Mathematical Physics
• String theory: topological field theory, string field theory, dualities and conformal field theories, advanced mathematical methods in renormalization theory, extensions of combinatorial matrix models to the tridimensional case, singular space-times and black holes.
• Topological quantum field theories (TQFTs), Batalin-Vilkovisky–Becchi- Rouet-Stora-Tyutin (BV-BRST) methods, constructive TQFTs; topological string theory and associated invariants.
• Geometric foundations of supergravity and string theory, special geometries, spin geometry and index theory, moduli and enumerative geometry problems; Weyl conformal geometry and applications.
• Geometric methods in quantum physics, quantum optics, study of symmetries using theory of representations, geometry of coherent states, representations of Jacobi-type groups with applications to quantum squeezed states; invariant metrics on Siegel-Jacobi upper half space and extended Siegel-Jacobi upper half space with Cartan moving frame method.

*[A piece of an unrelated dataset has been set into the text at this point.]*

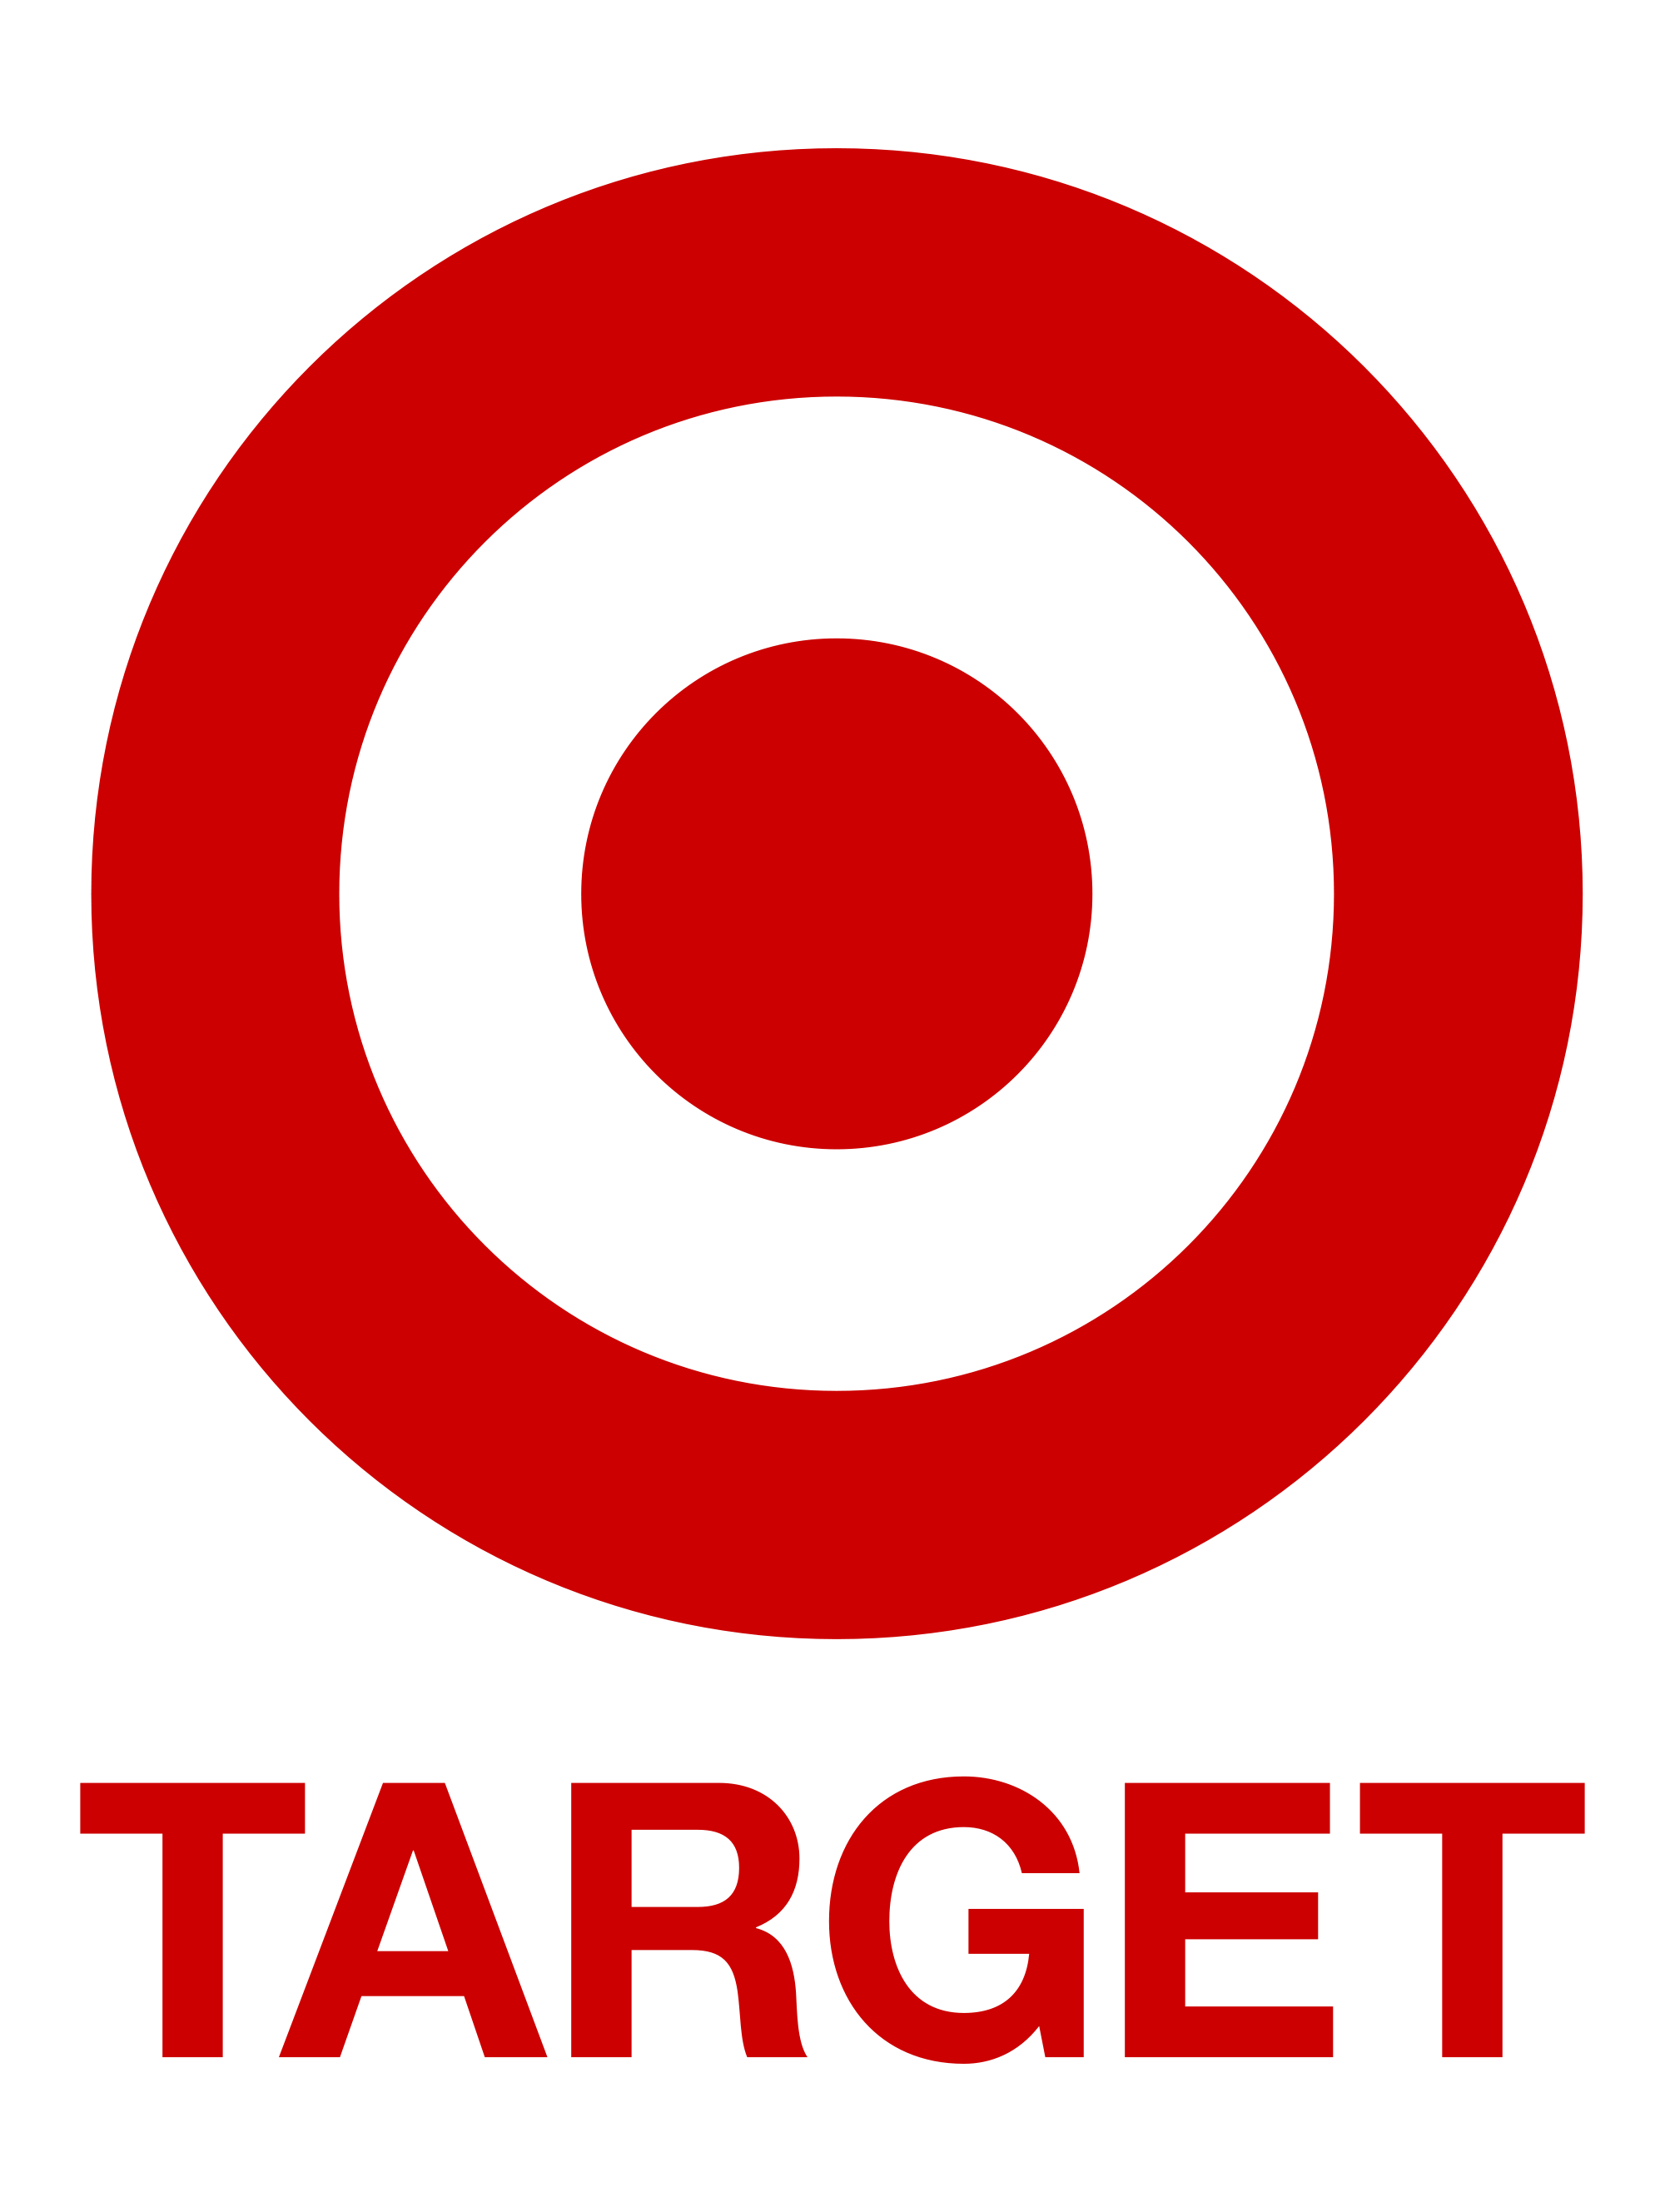 Target Corporation - Wikipedia, the free encyclopedia

• Nonlinear integrable dynamical systems - discrete and supersymmetric integrability, cellular automata, resolutions of singularities and algebraic entropy using techniques from the algebraic geometry of rational elliptic surfaces, integrable soliton-hierarchies described by infinite-dimensional Lie algebras and super-algebras, integrability and super-integrability of geodesic equations on curved spaces with various geometries; applications of the geometric theory of dynamical systems to cosmology.

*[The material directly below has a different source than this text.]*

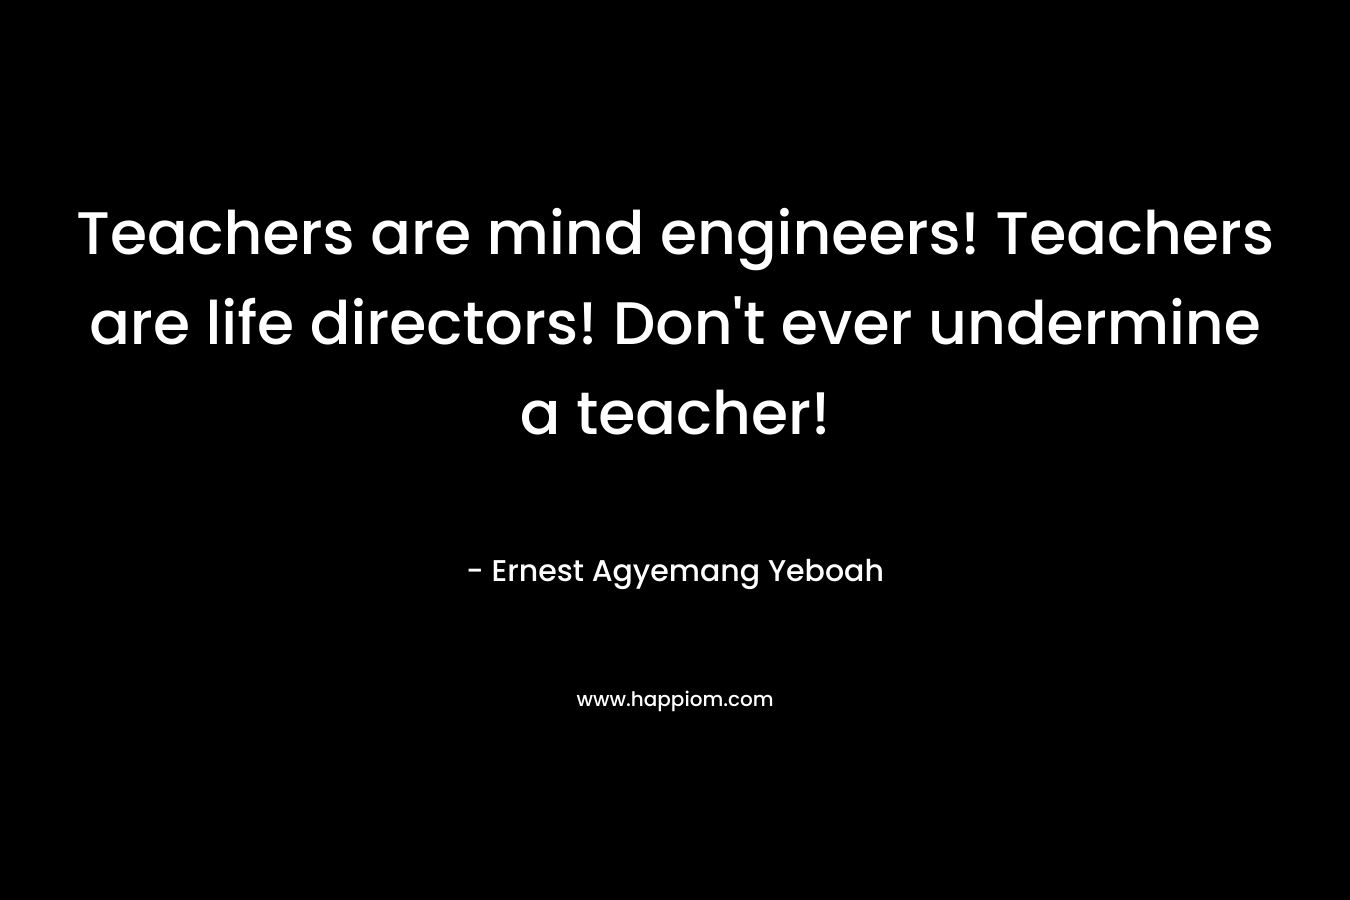 Teachers are mind engineers! Teachers are life directors! Don't ever undermine a teacher!

• Nonlinear dynamics of conservative and dissipative systems, localized structures in optics, fluids, plasma and interface plasma-short pulse lasers (study of soliton dynamics, pattern formations, stability, self-focusing, and weak (integrable) turbulence).
• Advanced computational methods in nonlinear photonics, in quantum and nuclear processes (numerical methods and high performance software, including by parallel and distributed Grid computing on multicore systems).